> **Recorded information**:
- - - - - - -

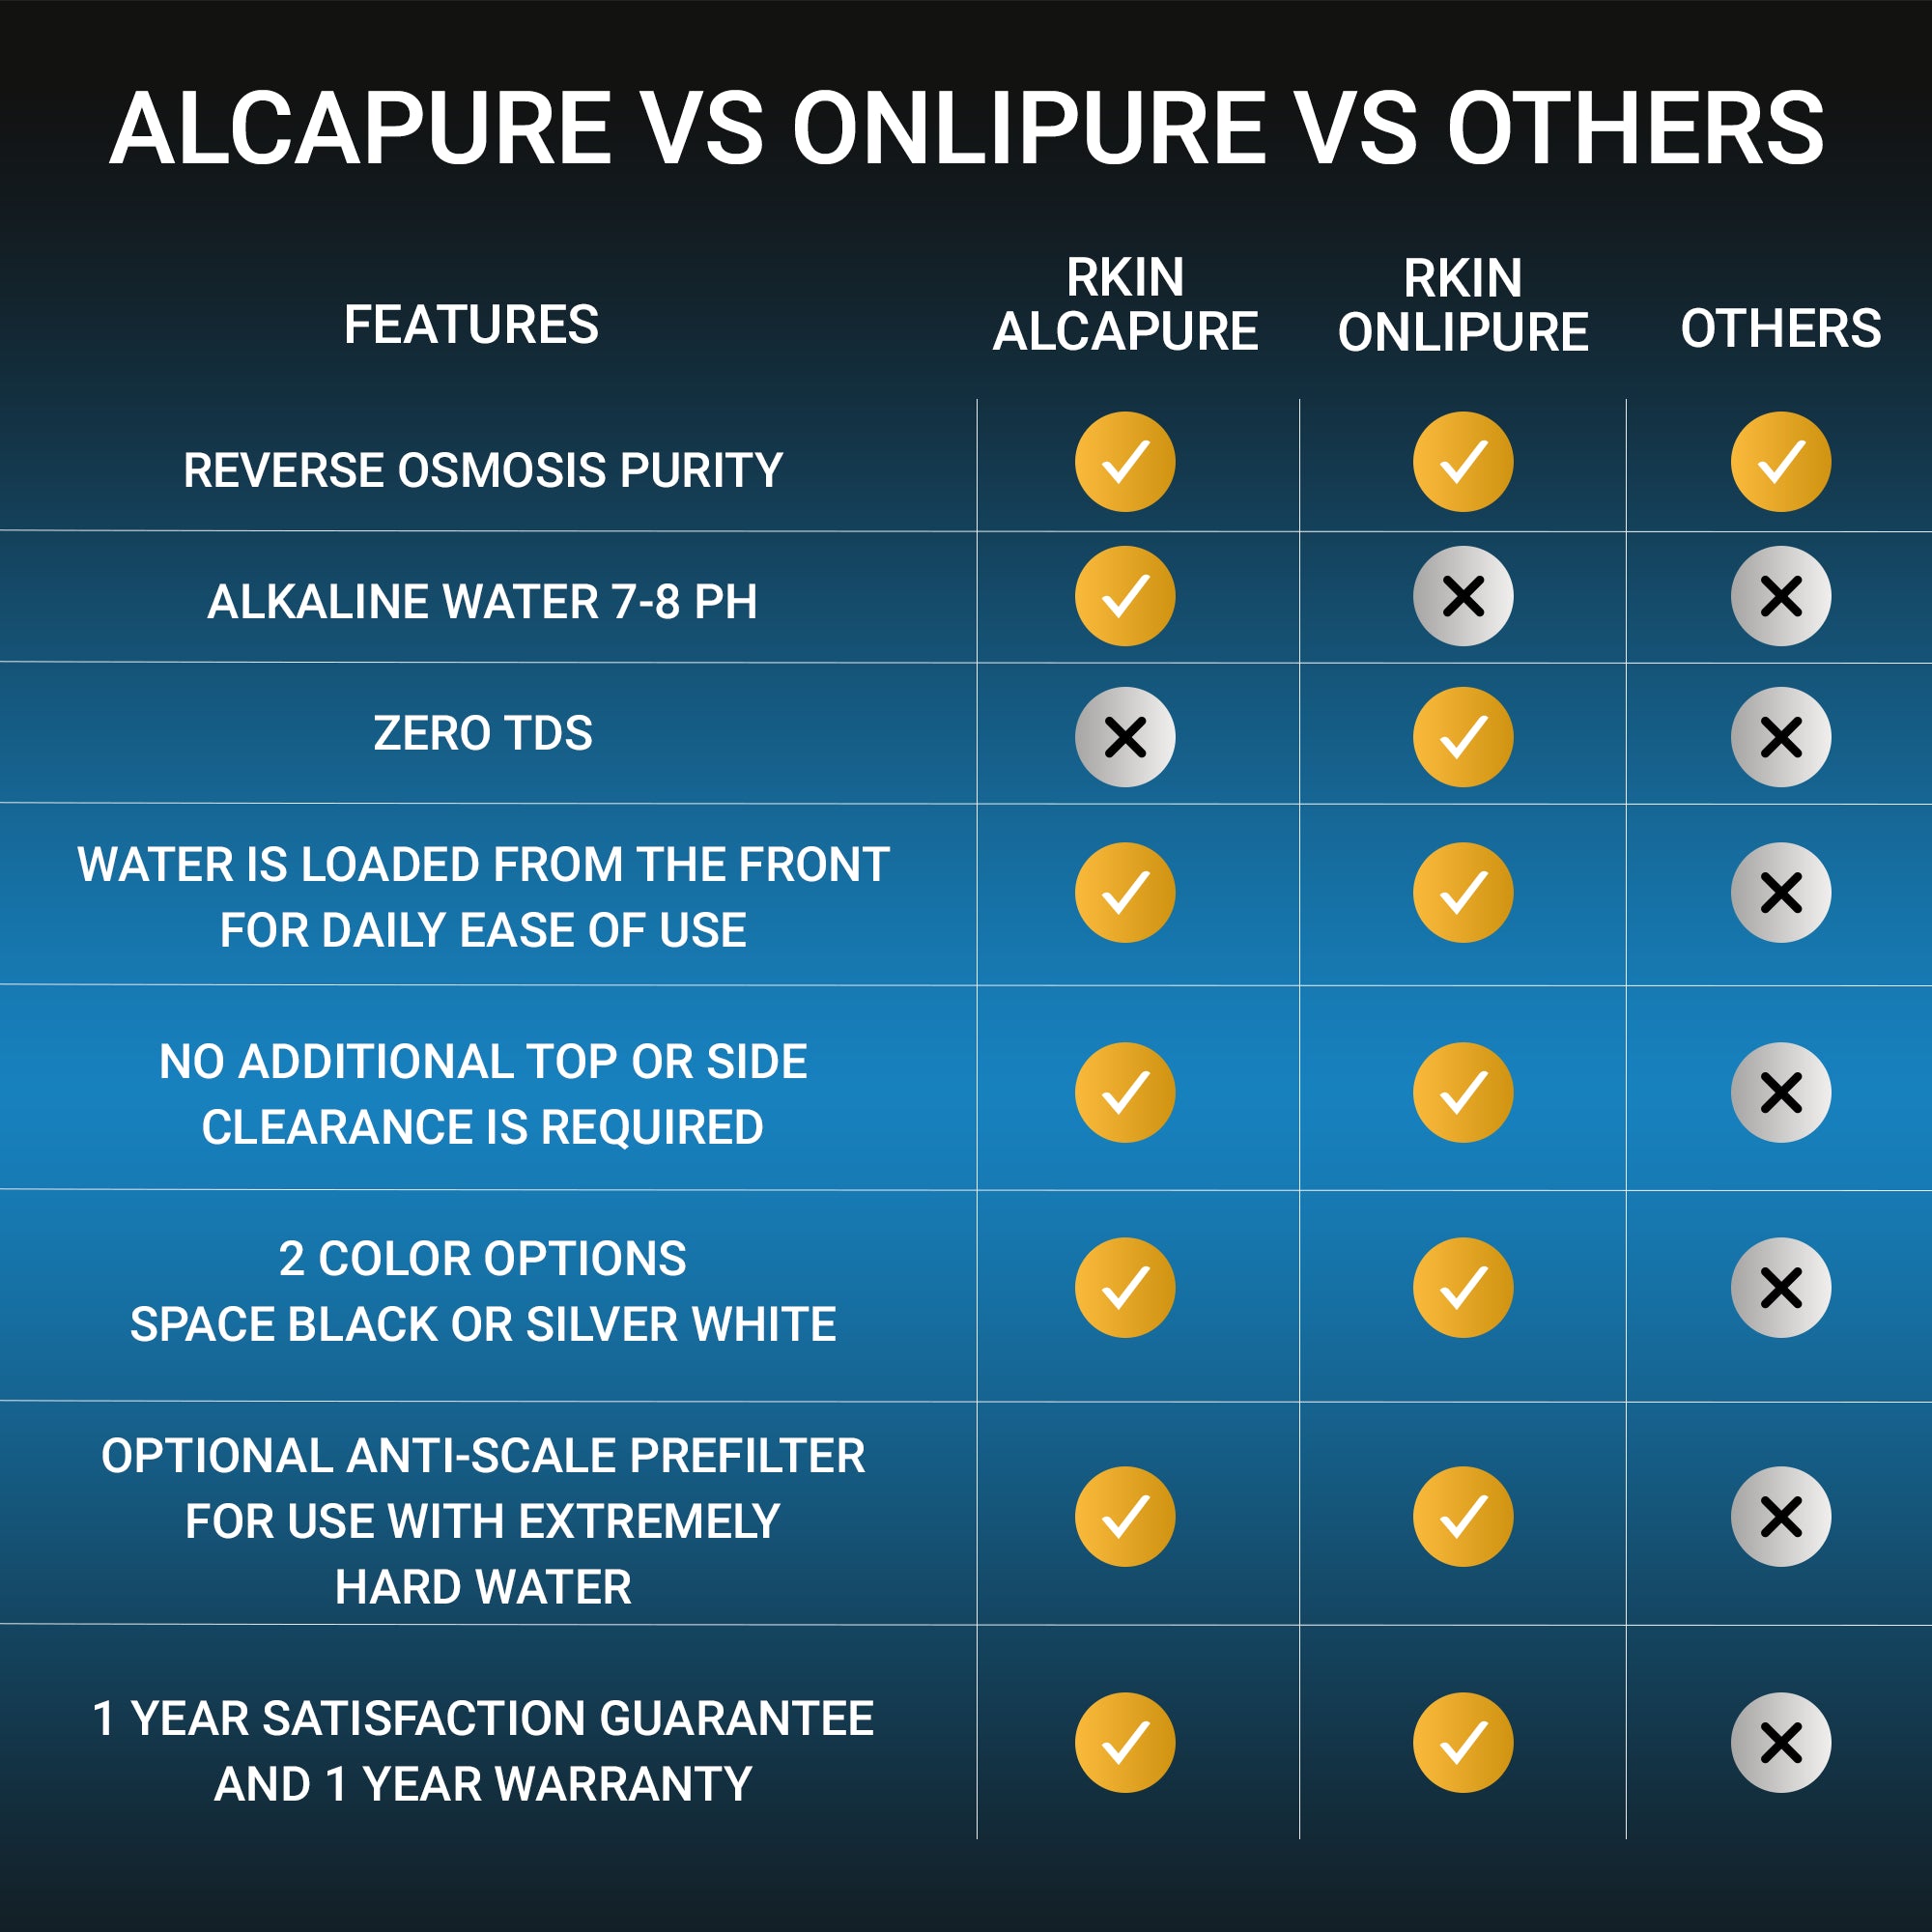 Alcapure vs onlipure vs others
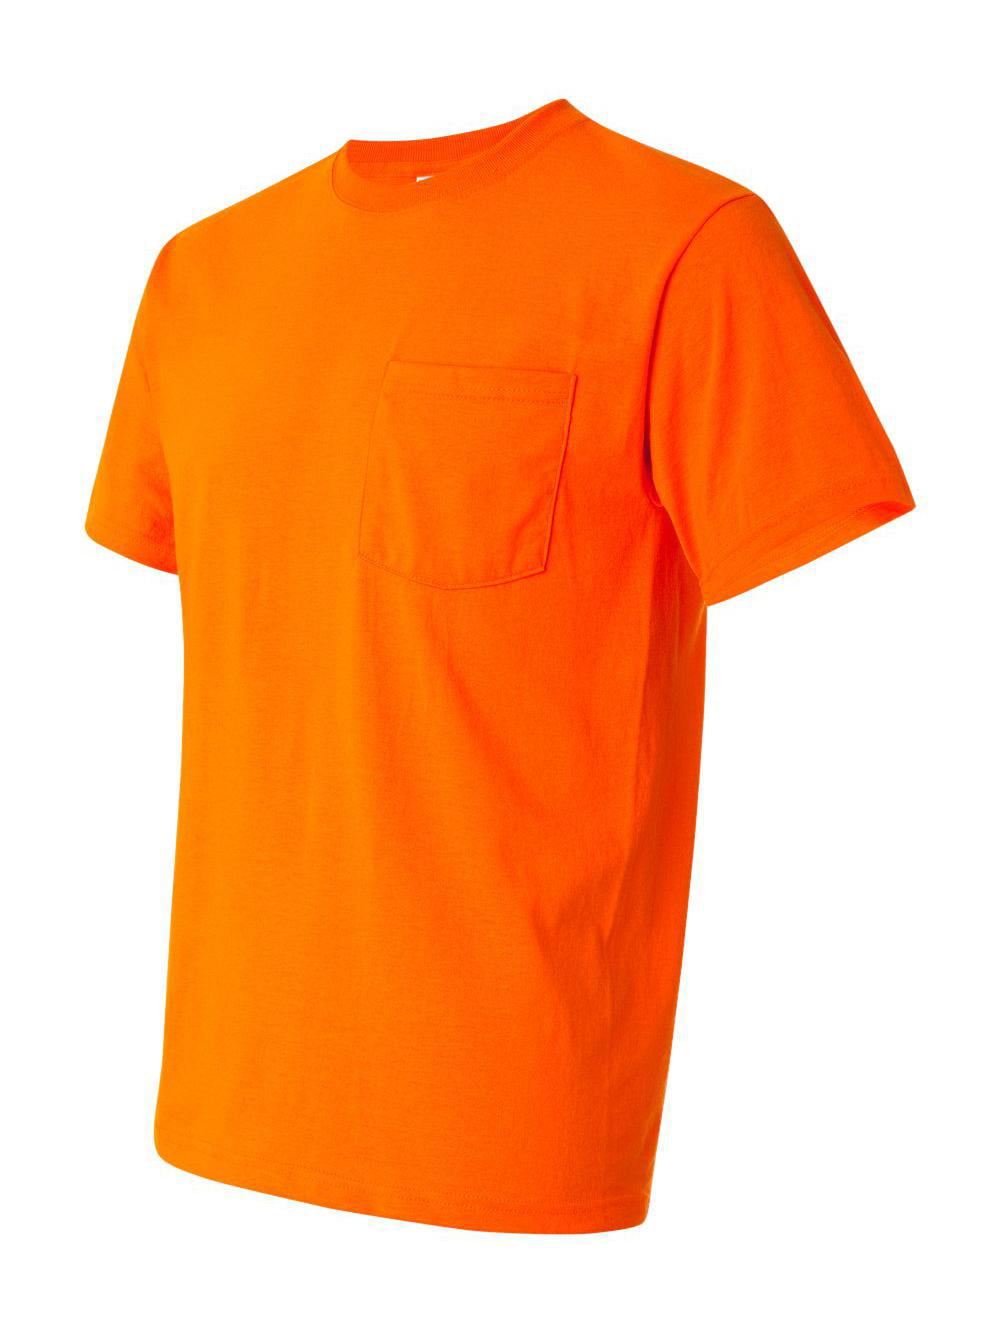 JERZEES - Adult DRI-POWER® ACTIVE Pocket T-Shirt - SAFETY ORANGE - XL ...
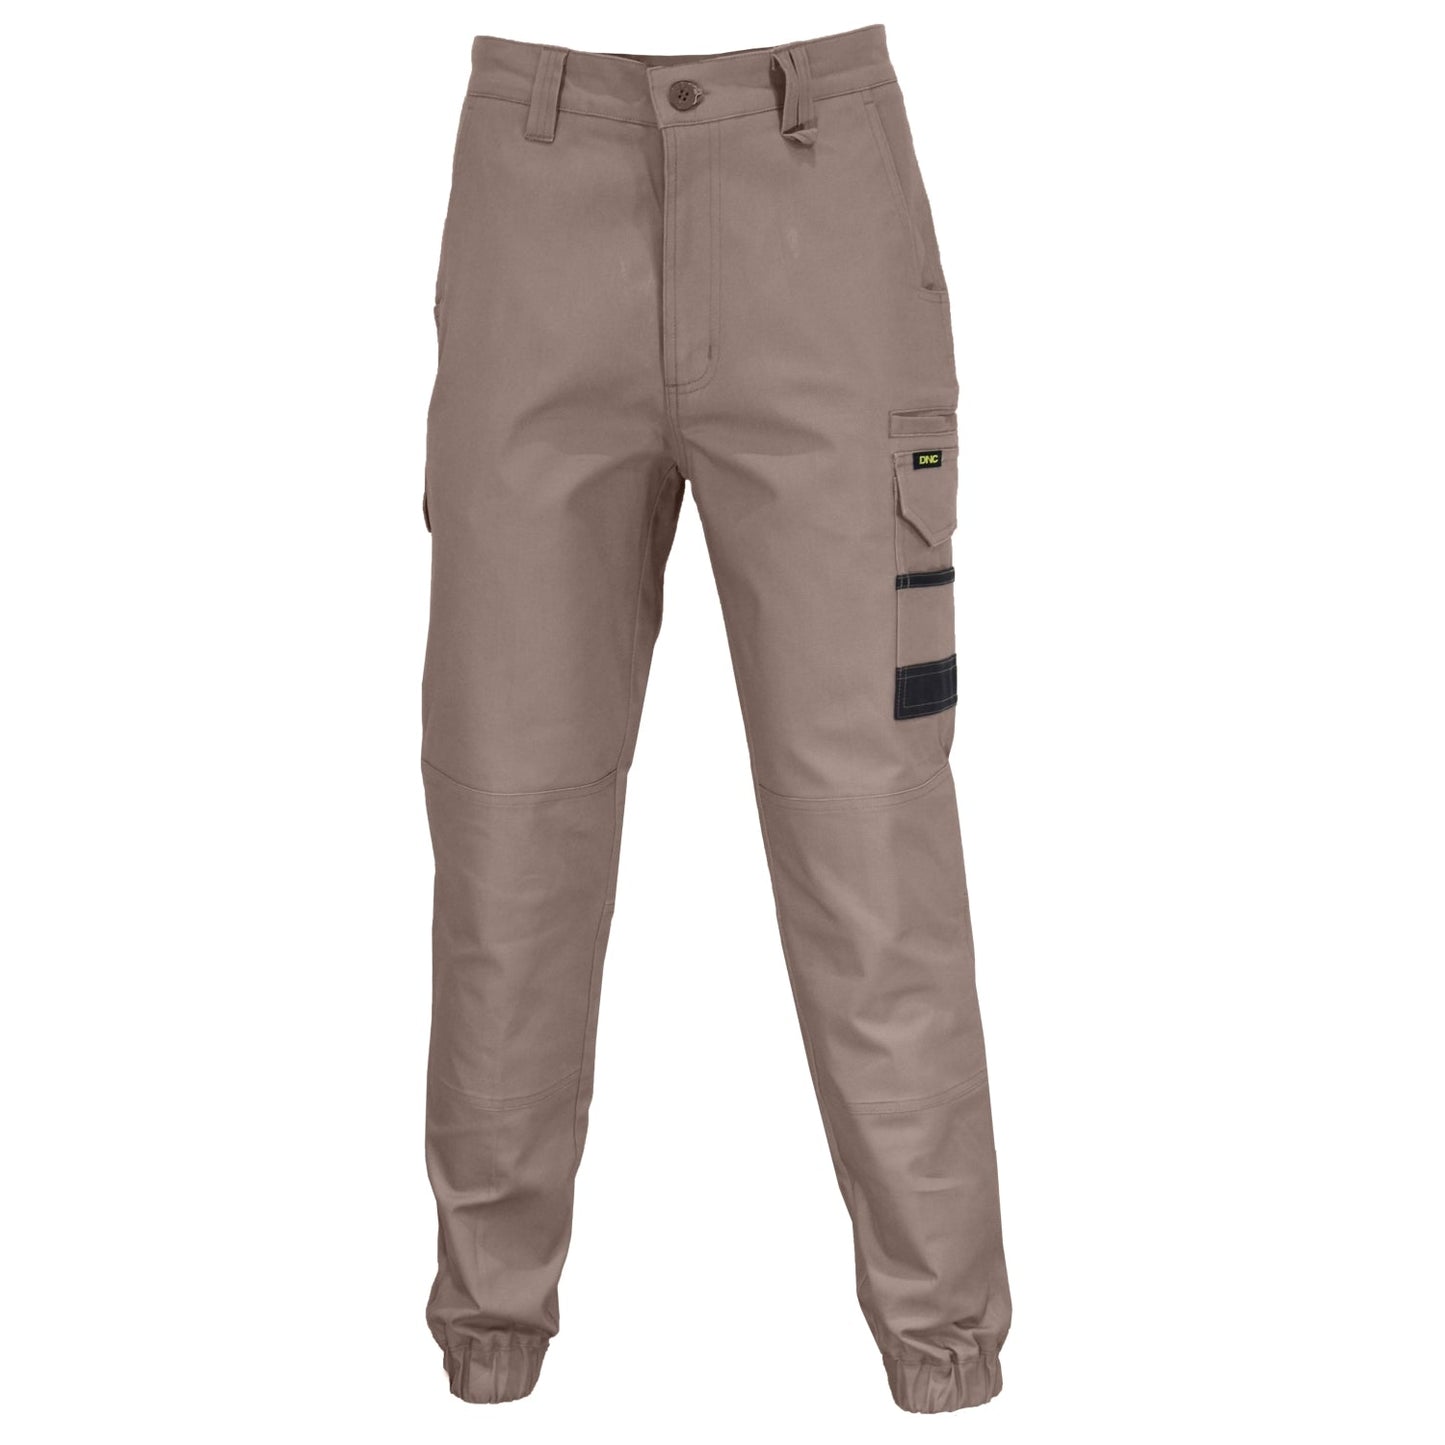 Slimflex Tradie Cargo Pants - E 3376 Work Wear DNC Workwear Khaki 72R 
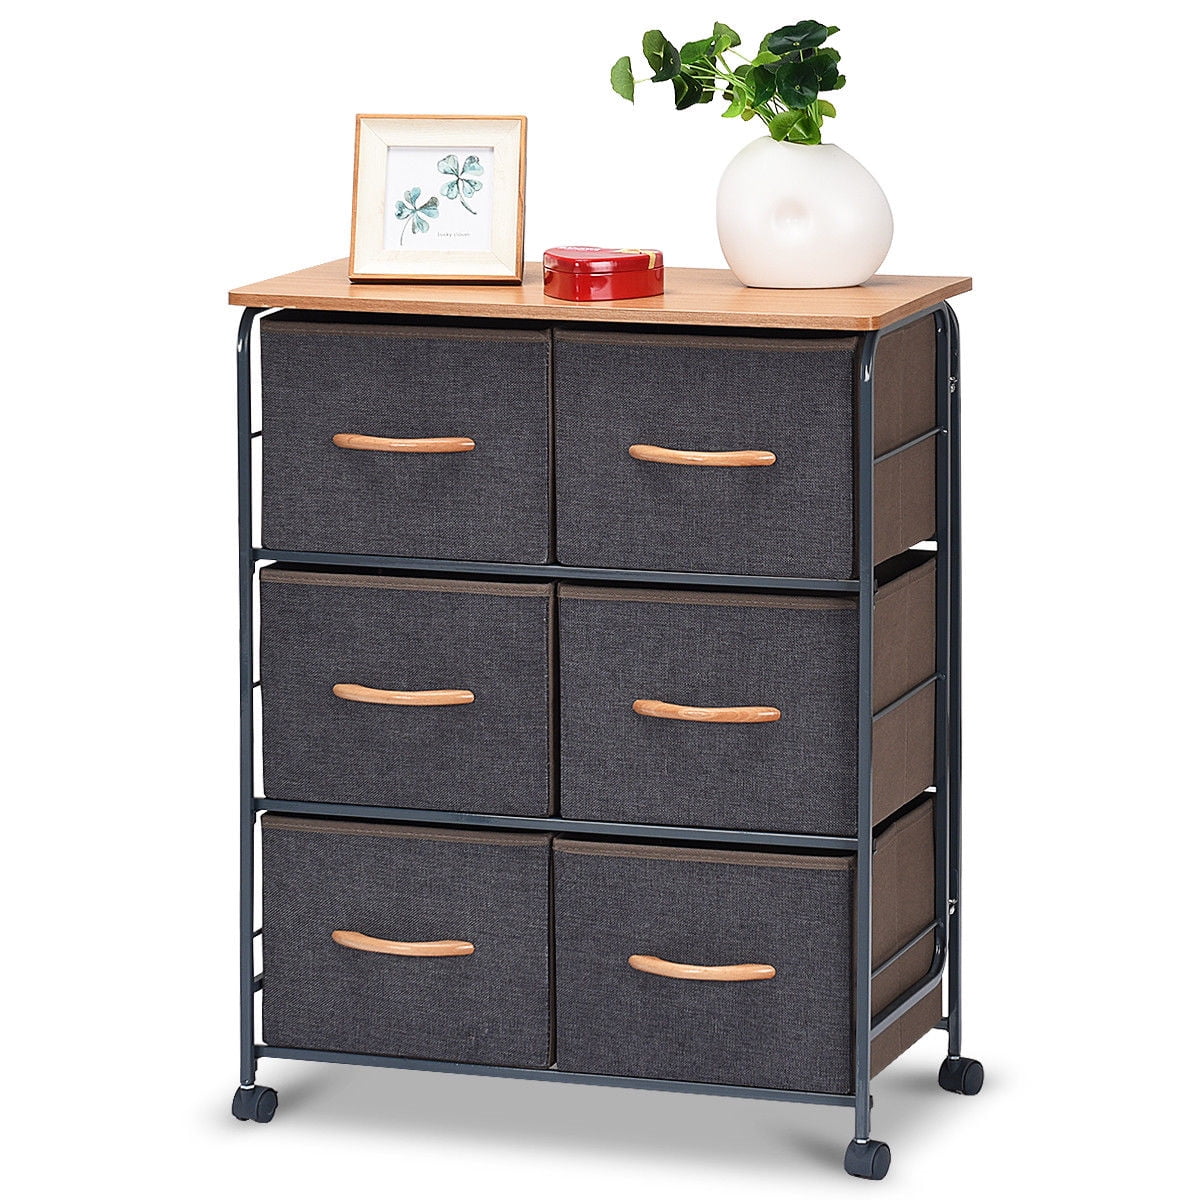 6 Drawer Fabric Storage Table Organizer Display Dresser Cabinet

- - - - - - -

> **What you will do**:
Please copy, exactly and only, the lines of the listing that run from the one holding "JERZEES - Adult" through its last line, and exclude pictures.

> **Answer to this exercise**:
 JERZEES - Adult DRI-POWER® ACTIVE Pocket T-Shirt - SAFETY ORANGE - XL ...
 Slimflex Tradie Cargo Pants - E 3376 Work Wear DNC Workwear Khaki 72R 
 6 Drawer Fabric Storage Table Organizer Display Dresser Cabinet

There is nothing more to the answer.